Allocating and Configuring IO Memory ¶

// Qnn_Tensor_t is defined in ${QNN_SDK_ROOT}/include/QNN/QnnTypes.h
Qnn_Tensor_t tensors[numTensors];

size_t startAddrAlignment, sizeAlignment
// Retrieve buffer start address and size alignment requirements
// See ${QNN_SDK_ROOT}/examples/QNN/SampleApp/SampleAppLPAI code

for (uint32_t i = 0; i < numTensors; i++) {
   Qnn_Tensor_t* tensor = &tensors[i];
   tensor->v1.memType   = QNN_TENSORMEMTYPE_RAW;
   int dataSize         = calculate_tensor_size(qnnTensor->v1);
   tensor->v1.clientBuf.data =
      allocate_aligned_memory(startAddrAlignment, sizeAlignment, dataSize);
   tensor->v1.clientBuf.dataSize = dataSize;
}

Shared Buffers in the LPAI Backend ¶

In the LPAI backend, shared buffers offer an efficient mechanism for moving data between the host CPU and the LPAI accelerator without requiring additional memory copies. Shared buffers allow both domains to reference the same underlying memory, enabling:

Zero-copy tensor transfers
Reduced latency during graph execution
Avoidance of redundant CPU-to-accelerator buffer duplication
Improved overall memory efficiency

Shared buffers are especially valuable when frequently updating input tensors or retrieving output tensors at high frame rates.

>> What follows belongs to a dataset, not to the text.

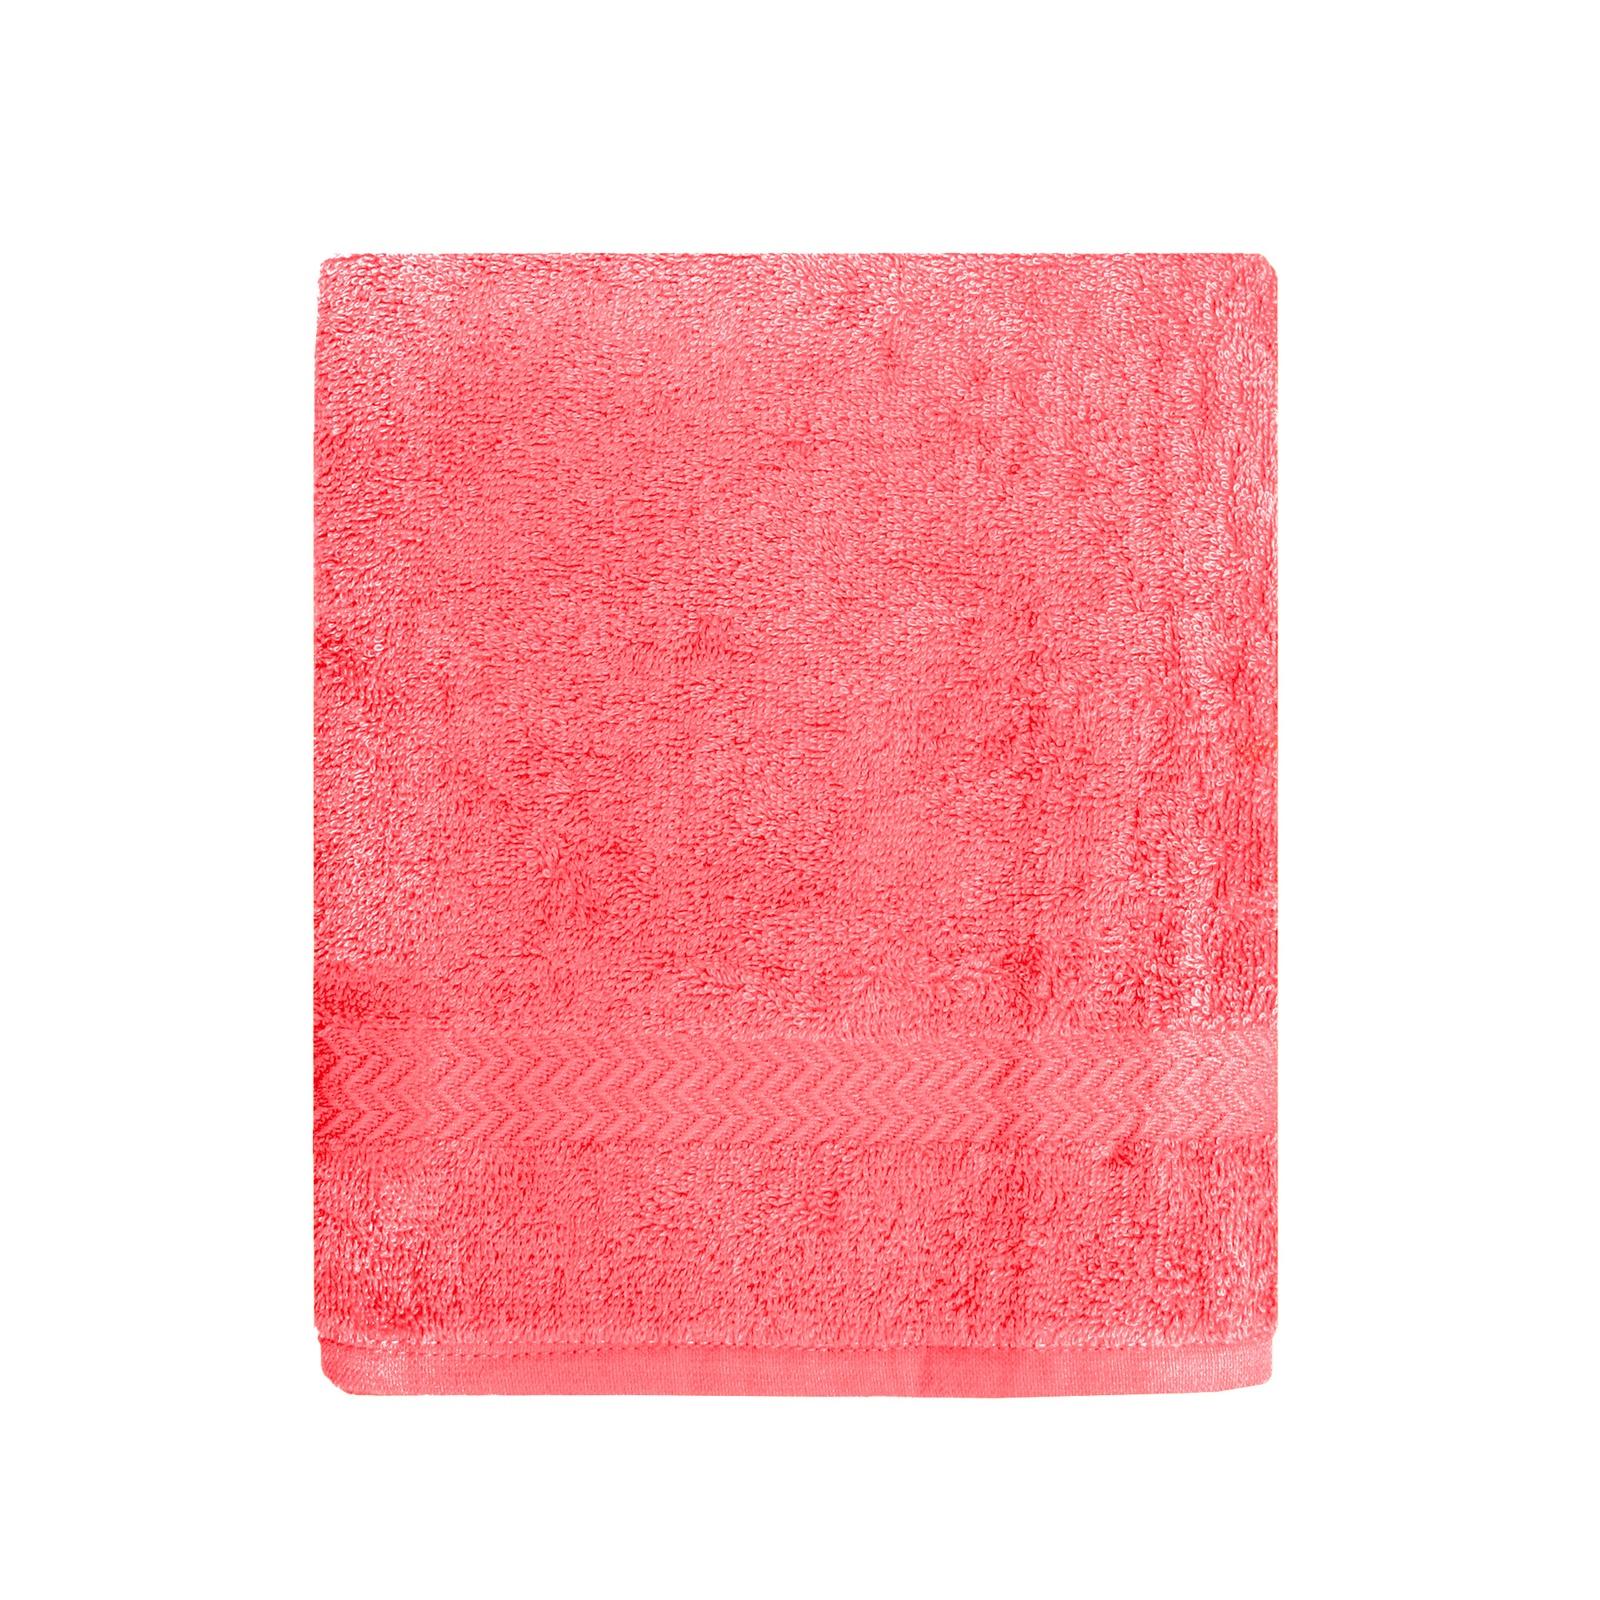 цена на Полотенце банное Bonita Classic, 21011215140, розовый, 70 х 140 см

The following tutorial explains how to register and use shared buffers within the LPAI backend, covering the required API calls and expected memory constraints:

Allocate and Use Shared Buffers

Memory Lifetime and Allocation Requirements ¶

Scratch and persistent memory must be allocated and provided before QnnGraph_finalize().
Persistent memory must remain accessible for the entire lifetime of the LPAI context.
Scratch memory may be replaced dynamically but must always exist.
IO memory must remain valid throughout execution.

Recommended Workflow ¶

Query backend alignment requirements.
Query scratch memory size.
Query persistent memory size.
Allocate aligned memory buffers.
Pass scratch and persistent memory to the graph using QnnGraph_setConfig().
Call QnnGraph_finalize().
Optionally provide user-defined IO buffers.
Execute the graph.

QNN LPAI Data Structures and Enumerations¶

QnnBackend_Property
QnnLpaiBackend_GetPropertyOption
QnnContext_Config
QnnContext_ConfigOption
QnnLpaiDevice_DeviceInfoExtension
QnnLpaiGraph_Mem
QnnLpaiMem_MemType
QnnGraph_Config
QnnLpaiGraph_CustomConfig
QnnLpaiGraph_SetConfigOption
QnnLpaiBackend_BufferAlignmentReq
QnnLpaiGraph_CustomProperty
QnnLpaiGraph_GetPropertyOption
QnnLpaiGraph_CoreAffinity
QnnLpaiGraph_CoreAffinityType
QnnLpaiGraph_PerfCfg
QnnLpaiGraph_ClientPerfType

QnnBackend_Property_t¶

This structure provides backend property. This data structure is defined in QnnBackend header file present at <QNN_SDK_DIR>/include/QNN/.

Parameters	Desctiption
QnnBackend_PropertyOption_t option	Option is used by clients to set or get any backend property.
QnnBackend_CustomProperty_t customProperty	Pointer to the backend property requested by client.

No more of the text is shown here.